In D49466, sys::path::replace_path_prefix was used instead startswith.
However those were reverted later (commit rG3bb24bf25767ef5bbcef958b484e7a06d8689204) due to broken Windows tests.

This patch is to restore those replace_path_prefix calls. The objective, in a follow-up patch, is to allow the prefix matching to be case-insensitive under Windows.

This patch reverts commit rG3bb24bf25767ef5bbcef958b484e7a06d8689204 except for the test fix it contains.

Diff Detail

Event Timeline

saudi created this revision.Mar 26 2020, 10:40 AM
MaskRay added a comment.EditedMar 26 2020, 10:56 AM

Well C:\hello match both C:/hello and c:\hello but not C:\helloa? This behavior will look reasonable to me, though I should note that GCC does something similar to startswith.

Maybe we should tell them (https://gcc.gnu.org/pipermail/gcc/2020-March/) that we will match path components.

saudi added a comment.Mar 26 2020, 2:57 PM

Well C:\hello match both C:/hello and c:\hello but not C:\helloa? This behavior will look reasonable to me, though I should note that GCC does something similar to startswith.

Maybe we should tell them (https://gcc.gnu.org/pipermail/gcc/2020-March/) that we will match path components.

The examples you gave (C:\hello matching both C:/hello and c:\hello) is what I would like to do as a next step, in another patch, and would be only when compiling on Windows.

But indeed, this patch changes the behavior and matches entirely the last component for macro/debug prefix replacement : -fdebug-prefix-map=C:\hello=xxx would not replace C:\helloa anymore
This is because replace_path_prefix 's strict param is set to true in those cases.

Note that this was originally done in D49466 and got reverted because of the breaking Windows tests.
I restored it, but this change of behavior is not really required for the next step I was mentionning.

saudi updated this revision to Diff 253917.Mar 31 2020, 9:49 AM

Update patch, where I removed the change of behavior (not using the strict mode of replace_path_prefix).
We can change that behavior separately in a later commit.

I also fixed and added a unit test for replace_path_prefix, for a failing scenario discovered running the regression tests.

saudi updated this revision to Diff 253924.Mar 31 2020, 10:27 AM

Added checks for empty map to avoid unneeded string copies.

MaskRay accepted this revision.Mar 31 2020, 10:47 AM

LGTM.

clang/test/Preprocessor/file_test.c
10–12

Thanks for making win/non-win separated.

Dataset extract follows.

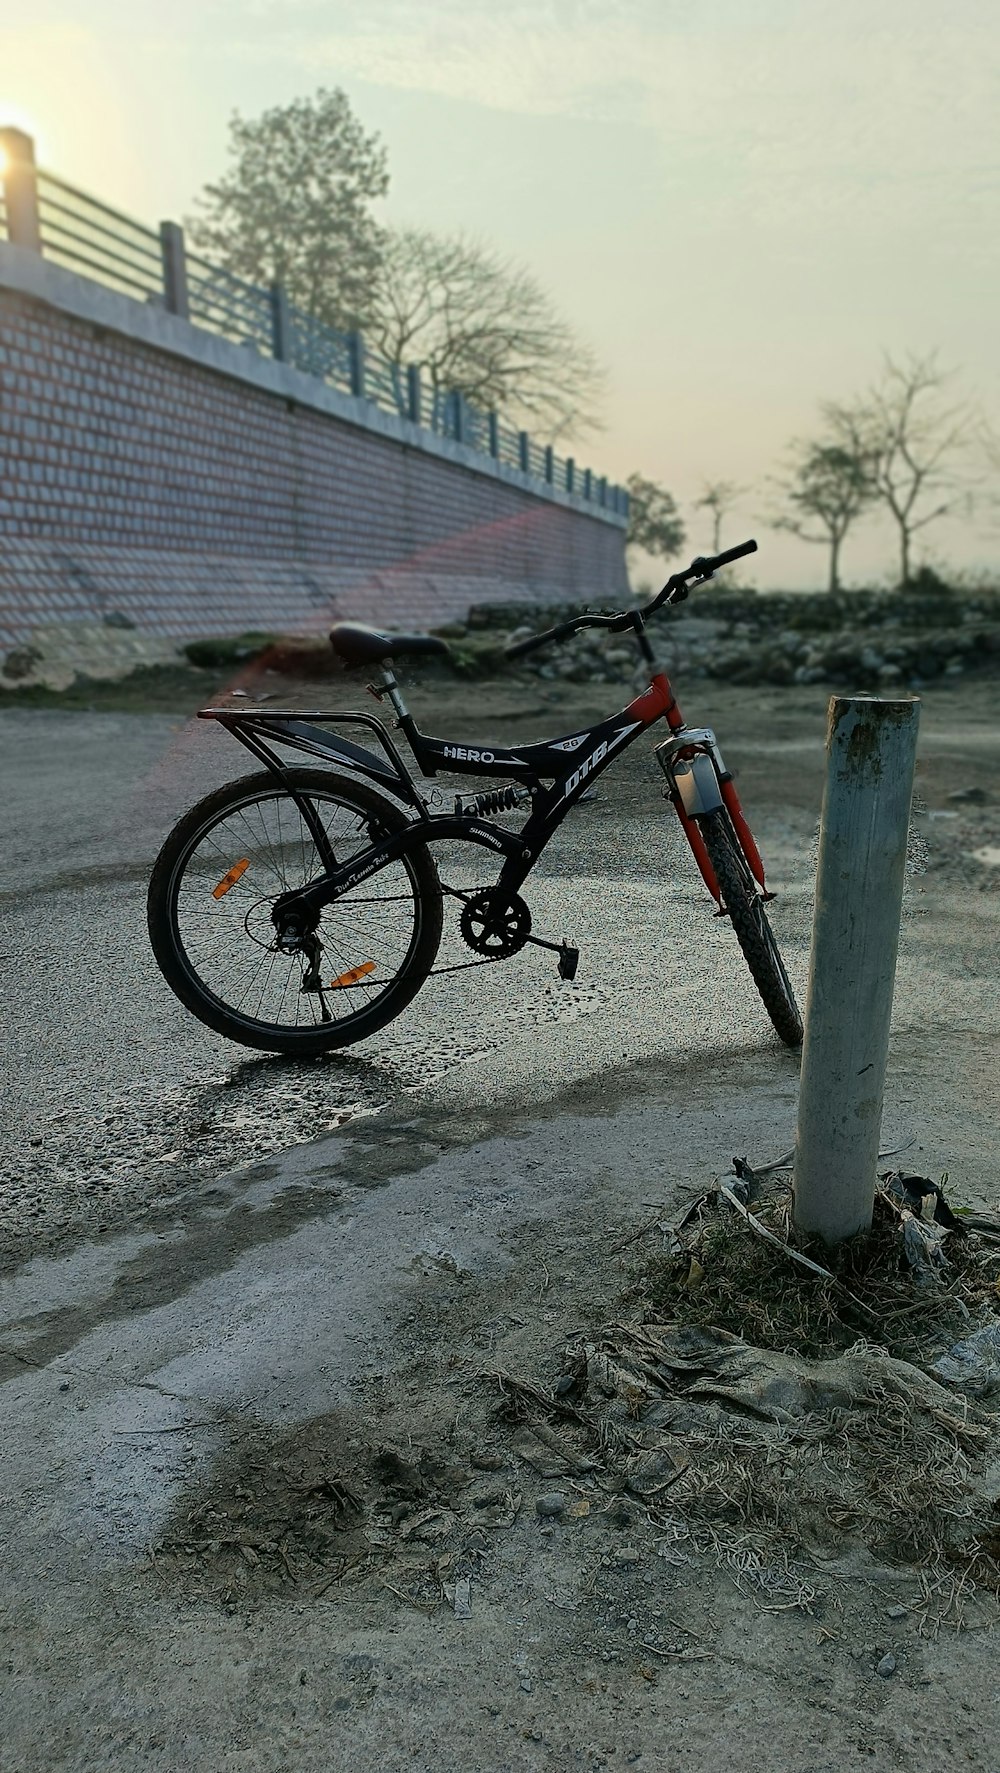 a bicycle leaning against a pole in a parking lot

This is clearer.

This revision is now accepted and ready to land.Mar 31 2020, 10:47 AM
saudi updated this revision to Diff 256290.Apr 9 2020, 7:40 AM

Update patch after the simplifications done in D77223.

I'm modifying this patch to also include step 3) as described in D77223 : make the Windows version of replace_path_prefix case and separator insensitive.

Without the separator-insensitive part, the regression test CHECK-REMOVE in file_test_windows.c would fail.
This is because the generated code contains both cases of separators after the prefix (\ the .c file, and / for the .h file).

saudi requested review of this revision.Apr 9 2020, 7:45 AM
saudi added a comment.Apr 16 2020, 6:42 AM

Ping!

I had to do some modifications after the patch was accepted, since a test was broken. See the comment with my last update.

saudi added a comment.EditedApr 28 2020, 11:39 AM

Ping - @MaskRay would you have time to take a quick look, please?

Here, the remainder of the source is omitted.